I've read the author feedback and appreciate the added experiment, which shows the benefit of the proposed ZAS initialization in training very deep ResNets compared with standard init schemes (the authors tried the Xavier init.) For the moment I am raising my score to 6. ------ This paper proves a simple theoretical result for optimizing a deep linear network: when all layers are d-by-d, if we initialize the top layer as 0 and all but the top layer by the identity matrix, then the gradient flow (as well as gradient descent with a polynomially small stepsize) enjoys linear convergence to zero risk on the matrix regression problem. This paper is well presented and the convergence result is particularly neat. However the result is a rather direct consequence of a known alignment property on deep linear networks, and thus might be incremental in its contribution and novelty. Indeed, the proof follows straightforwardly from the known fact (as the authors noted) that the matrices W_{l+1}^T * W_{l+1} - W_l * W_l^T remains constant on the gradient flow path. This paper comes up with a specific design which utilizes the above fact and implies that W_{(L-1):1} stays well-conditioned, and hence a gradient domination condition. Compared with existing alignment-type results on deep linear nets (e.g. Ji and Telgarsky 2019), the present result is a bit lacking in interesting messages for real problems, e.g. when nonlinearity is present.

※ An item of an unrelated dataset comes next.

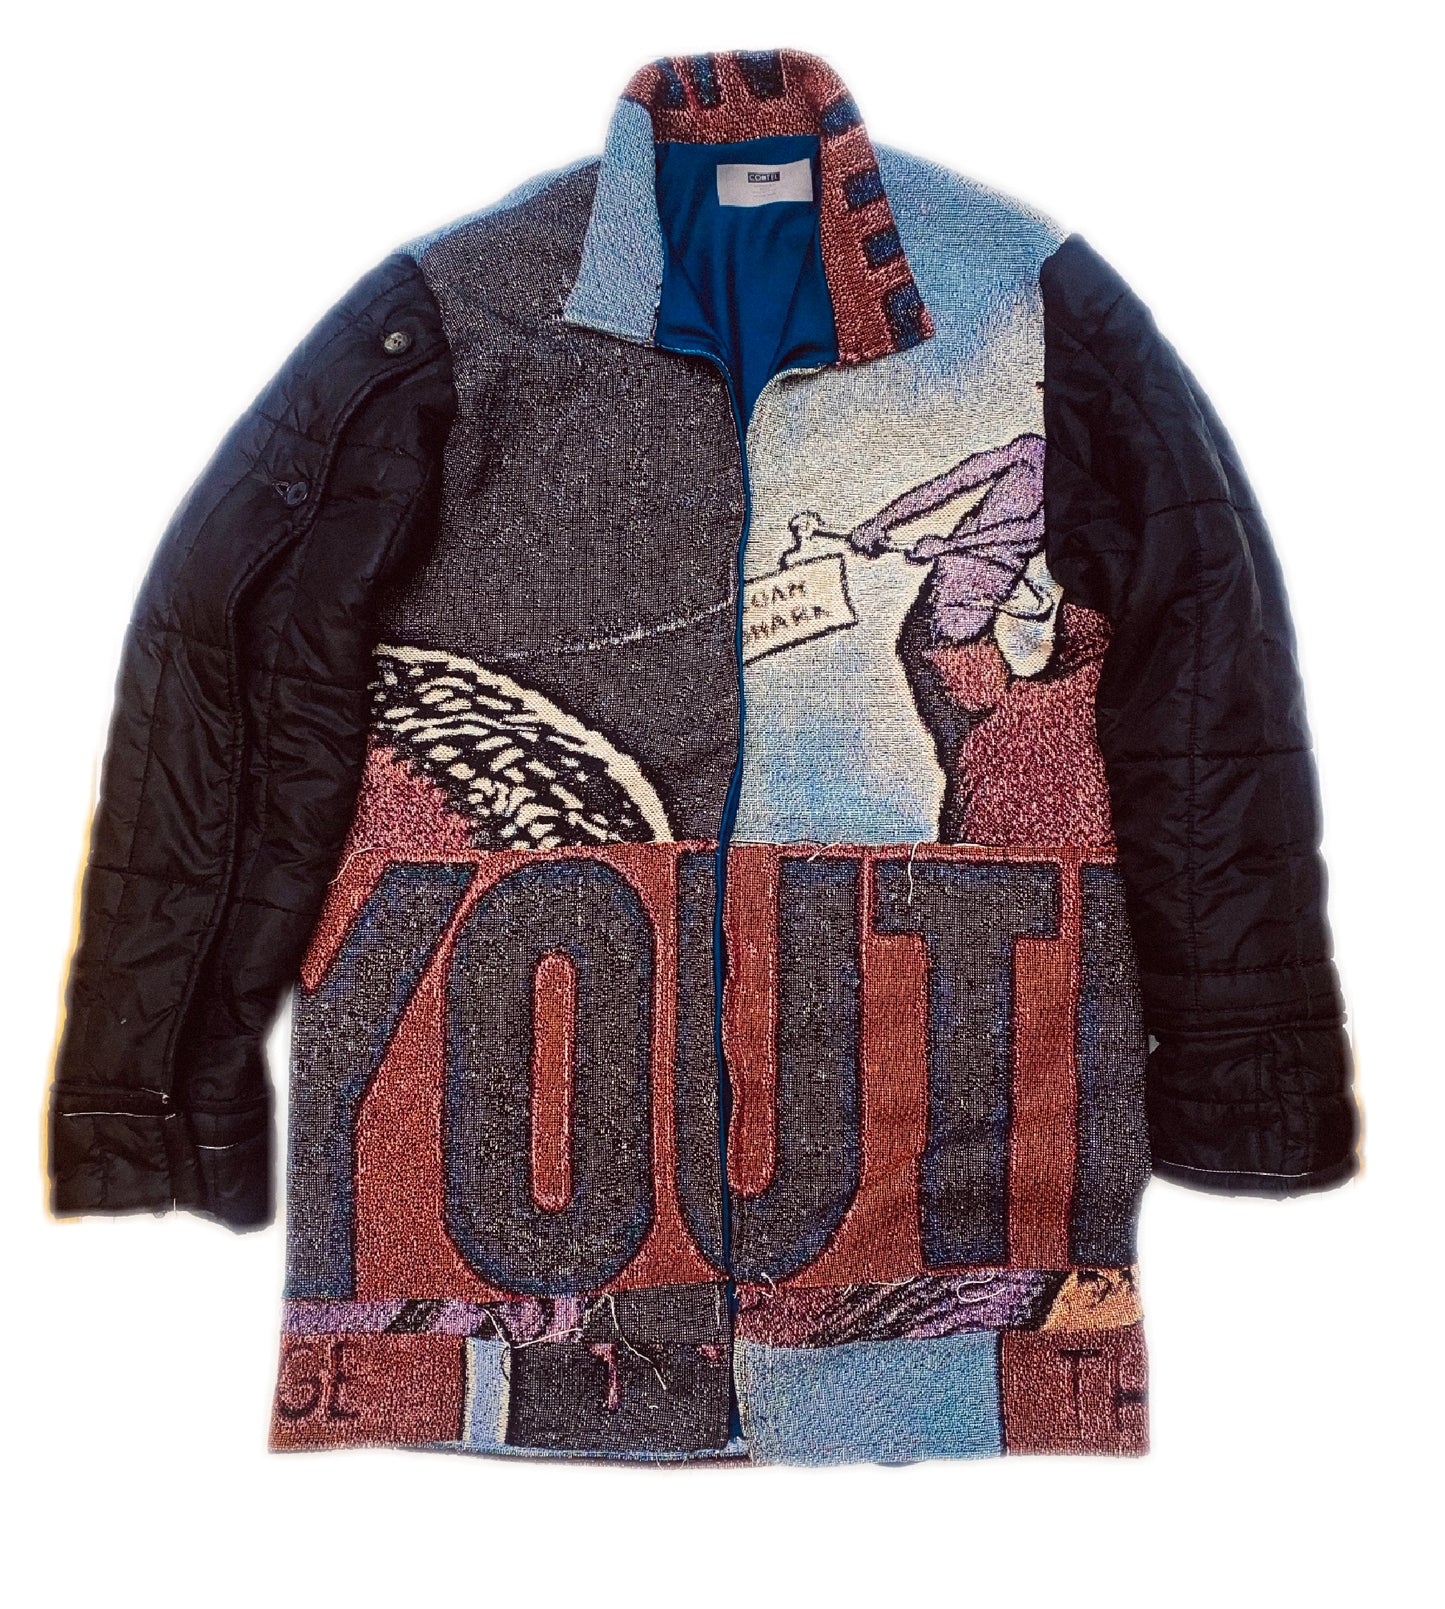 1of1 “YOUTH” Jacket
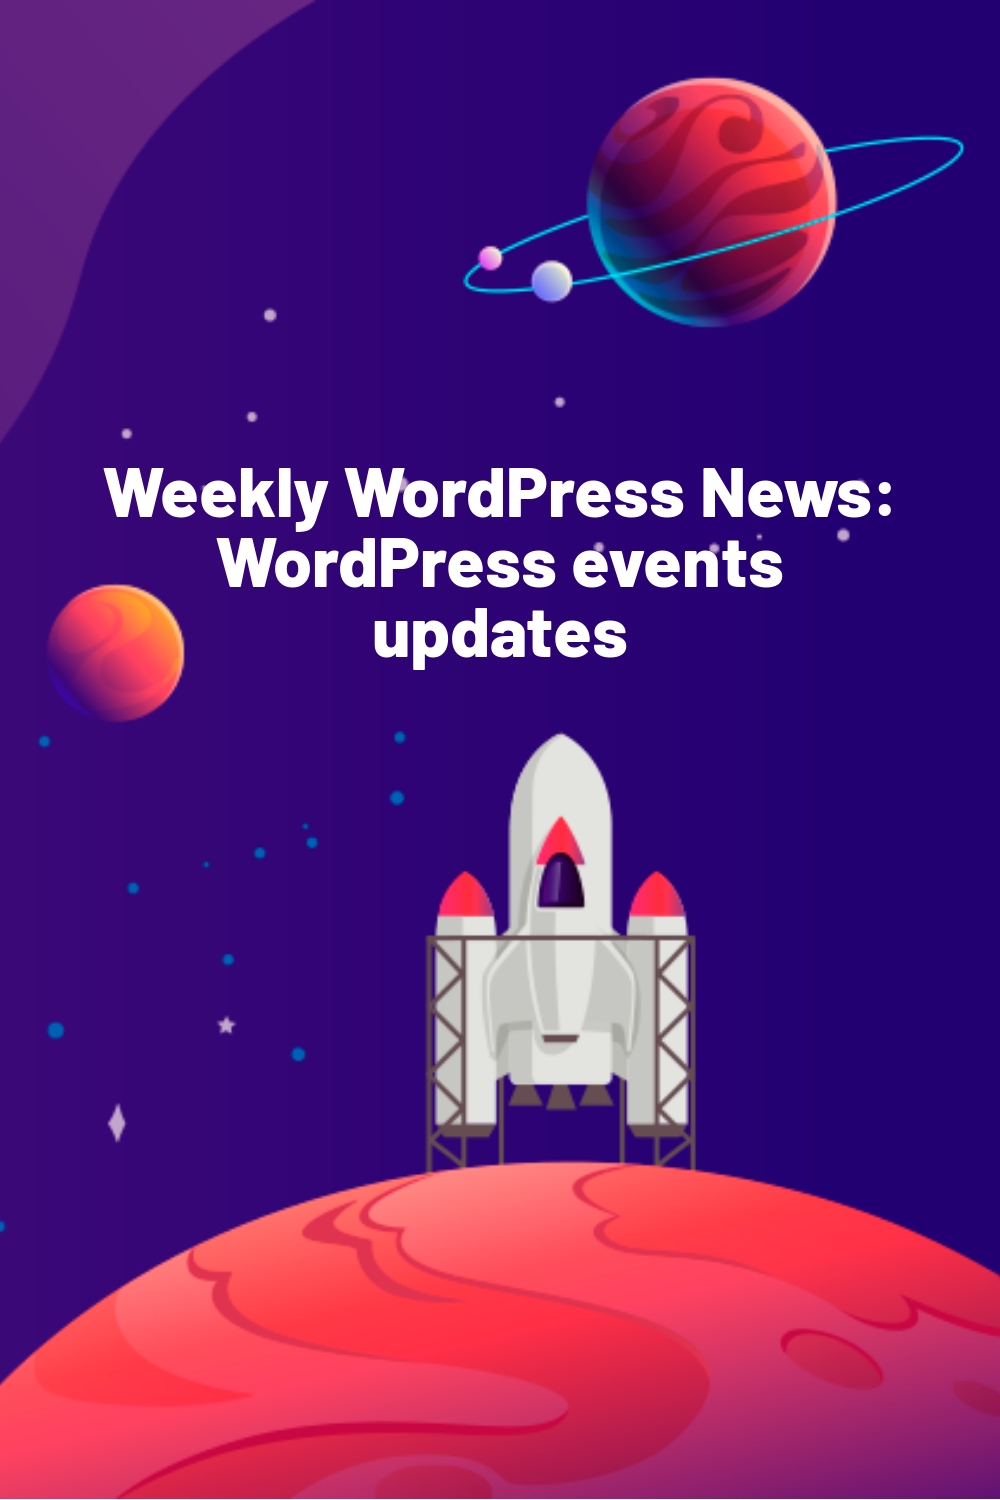 Weekly WordPress News: WordPress events updates

# Positive aspects * The toy model of Figure 1 is insightful and effective at providing an intuition behind the potential advantages of the method. # Post-rebuttal Authors have responded to some of my criticisms, increasing my score to 6. * I checked the proofs in Page 5 and they seem correct to me. # Main criticism The main limitation I see in this paper is that experiments are exclusively done on linear networks. While linear networks might provide a useful tool for the theoretical analysis of initialization and to derive convergence rates, they are not useful machine learning models. In other words, I do not think the development of a new initialization method is useful unless its shown to be competitive on real problems (i.e., beyond deep linear networks). Furthermore, I have concerns with the experiments the authors show even in this unrealistic scenario. The authors only show _one_ run of their experiments where ZAS outperforms the near-identity initialization. It is hence unclear whether this is a reproducible effect or an exception one that only arises in this very specific example that the authors hand-picked. It would be much more convincing in any case to show these curves for multiple runs of the same dataset and not just one hand-picked. # Other comments The paper is rather poorly written. Take for example the description of related work in L17-23. The authors write "the random orthogonal initialization proposed in analyzing the gradient descent ..." are the authors citing a paper named "analyzing the gradient descent ..." ? are they describing the paper?, or in the next line "how the knowledge transfer across tasks in transfer learning" [what is knowledge? transfer-> transfers? furthermore, how is this related to the current paper? Almost every paragraph has some example of poor writing like this, making the paper hard to read. Poor writing is not limited to prose. The mathematical notation is equally sloppy. For example, R is defined in Eq. (2.3) as a function of W_1, ..., W_L. It then appears right below in (2.4), where its instead a function of the iterations t. I guess that R(t) is overloaded to mean R(W_1, ..., W_L), where the W's are taken at the t-th iterate, but I shouldn't have to guess. # Suggestions It seems to be that A : B = tr(A B^T), why not use this more standard notation?